Outbox backpressure (sender appears to stall per-peer): The client’s outbox is byte-bounded (8 MiB / peer by default; see DEFAULT_OUTBOX_MAX_BYTES). When a remote consumer goes silent — network partition, GC pause, OOM — the encoder parks on the byte budget until ACKs trim the backlog. Symptoms: volley_shuffle_remote_records_total{target_worker="N"} flatlines while other targets keep climbing. Root-cause by looking at the peer’s volley_flight_recv_messages_total and its drain-task logs; the outbox itself is doing the right thing by pushing back instead of running the worker out of memory.

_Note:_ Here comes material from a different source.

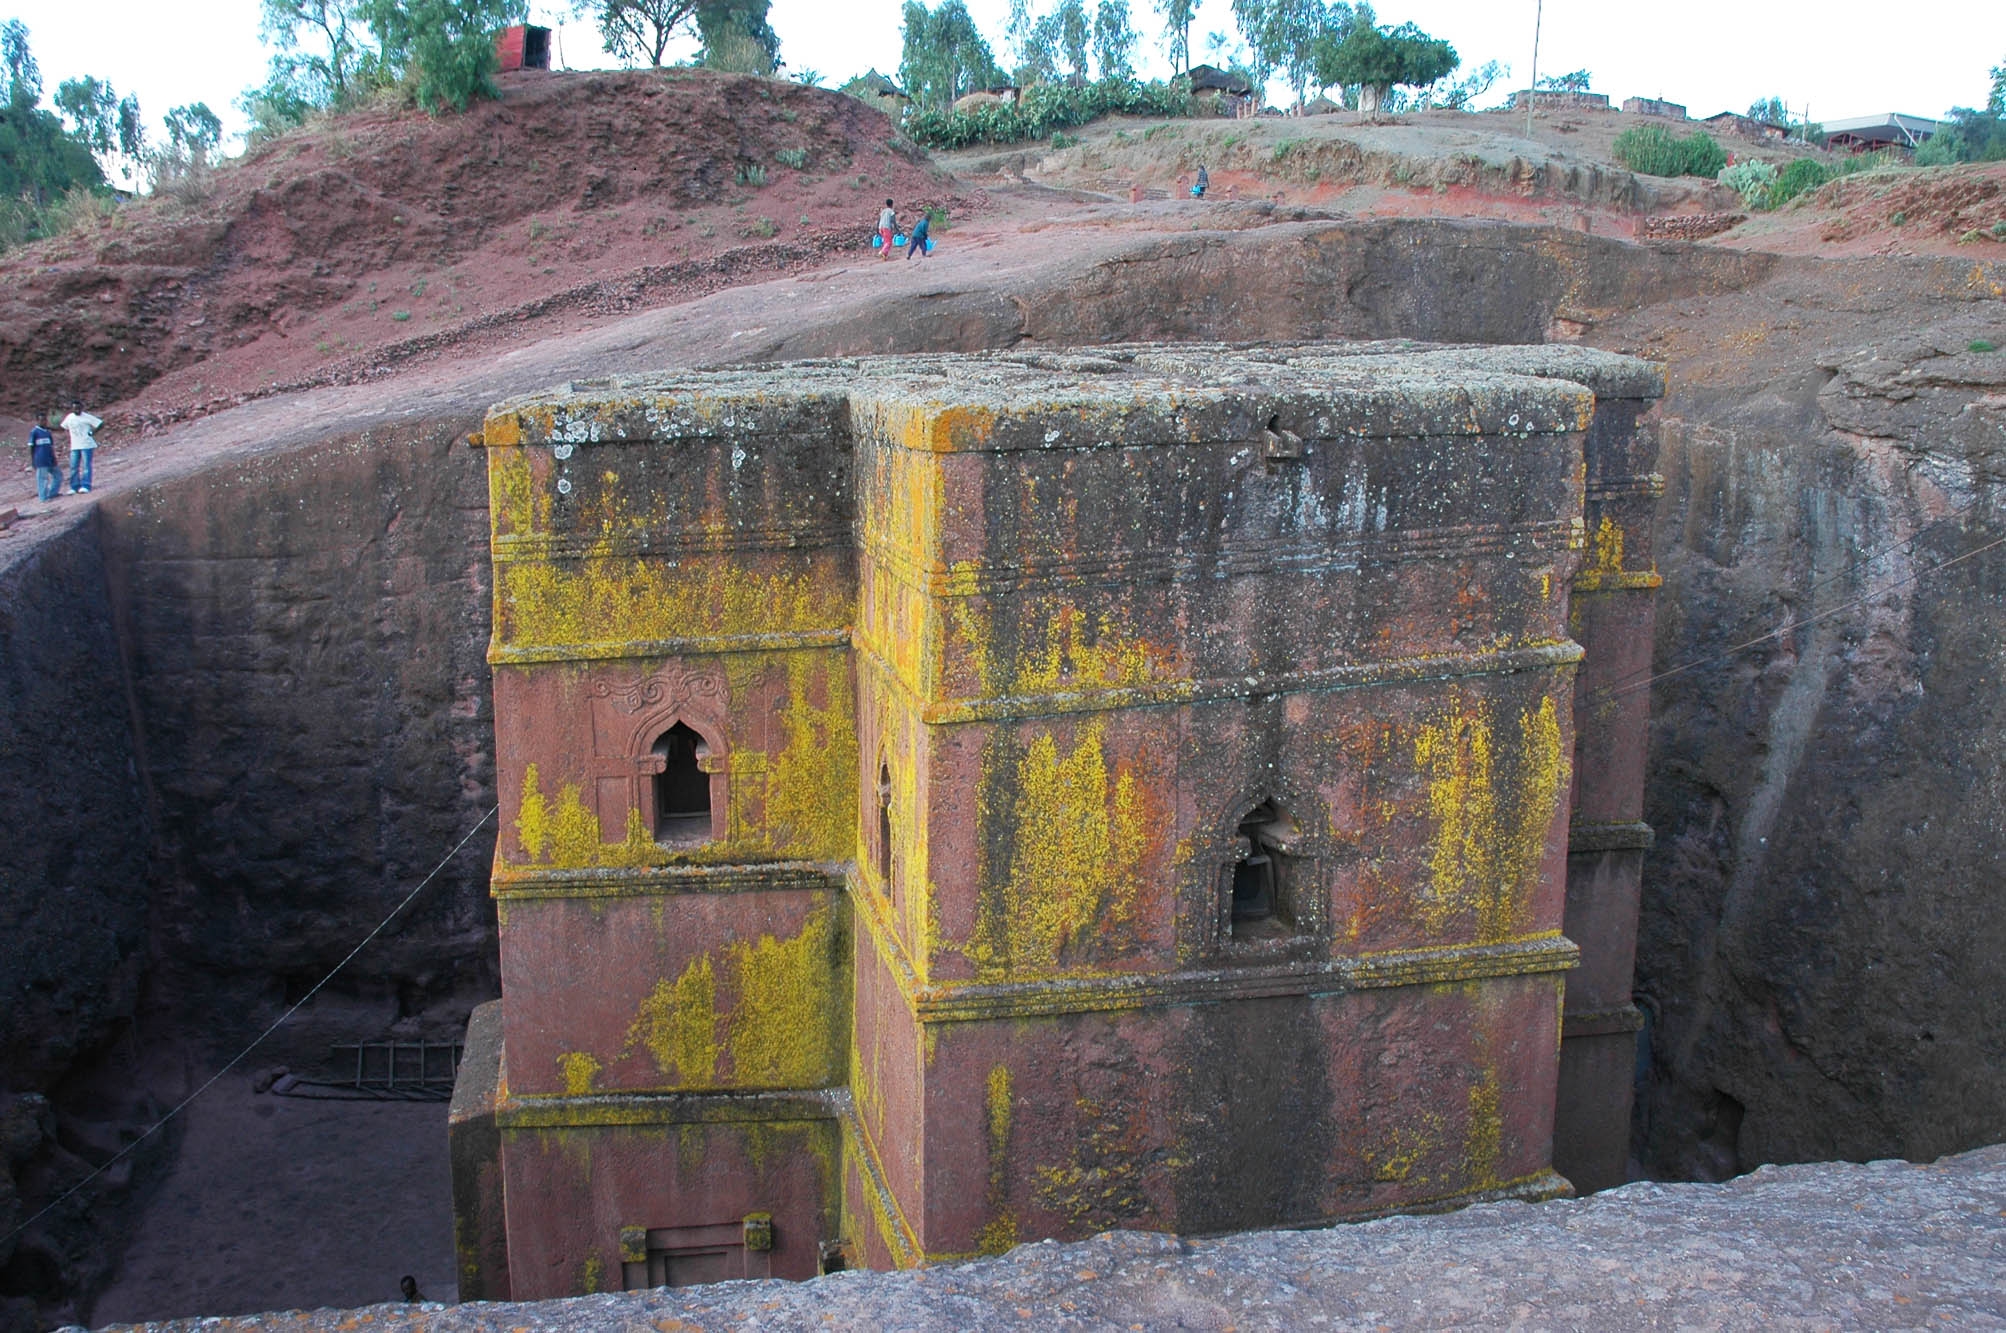 Lalibela (Ethiopie). L’église Beta Giyorgis, comme les dix autres églises monolithes de ce site, a été creusée dans des anciennes scories basaltiques consolidées. Cliché L. Bruxelles/Inrap et CFEE

Uneven record distribution: Check volley_shuffle_remote_records_total per target worker. The key group assignment is contiguous — if your key distribution is skewed, some workers will handle more traffic. Consider increasing maxKeyGroups for finer granularity.
Checkpoint failures: Verify the shared PVC is mounted and writable on all pods:
kubectl exec my-pipeline-0 -- touch /mnt/volley/checkpoints/test && echo OK
DNS resolution failures at startup: Workers discover each other via StatefulSet DNS. If pods start before DNS propagates, the runtime retries with exponential backoff (100ms to 5s). Check logs for “Waiting for remote worker” messages.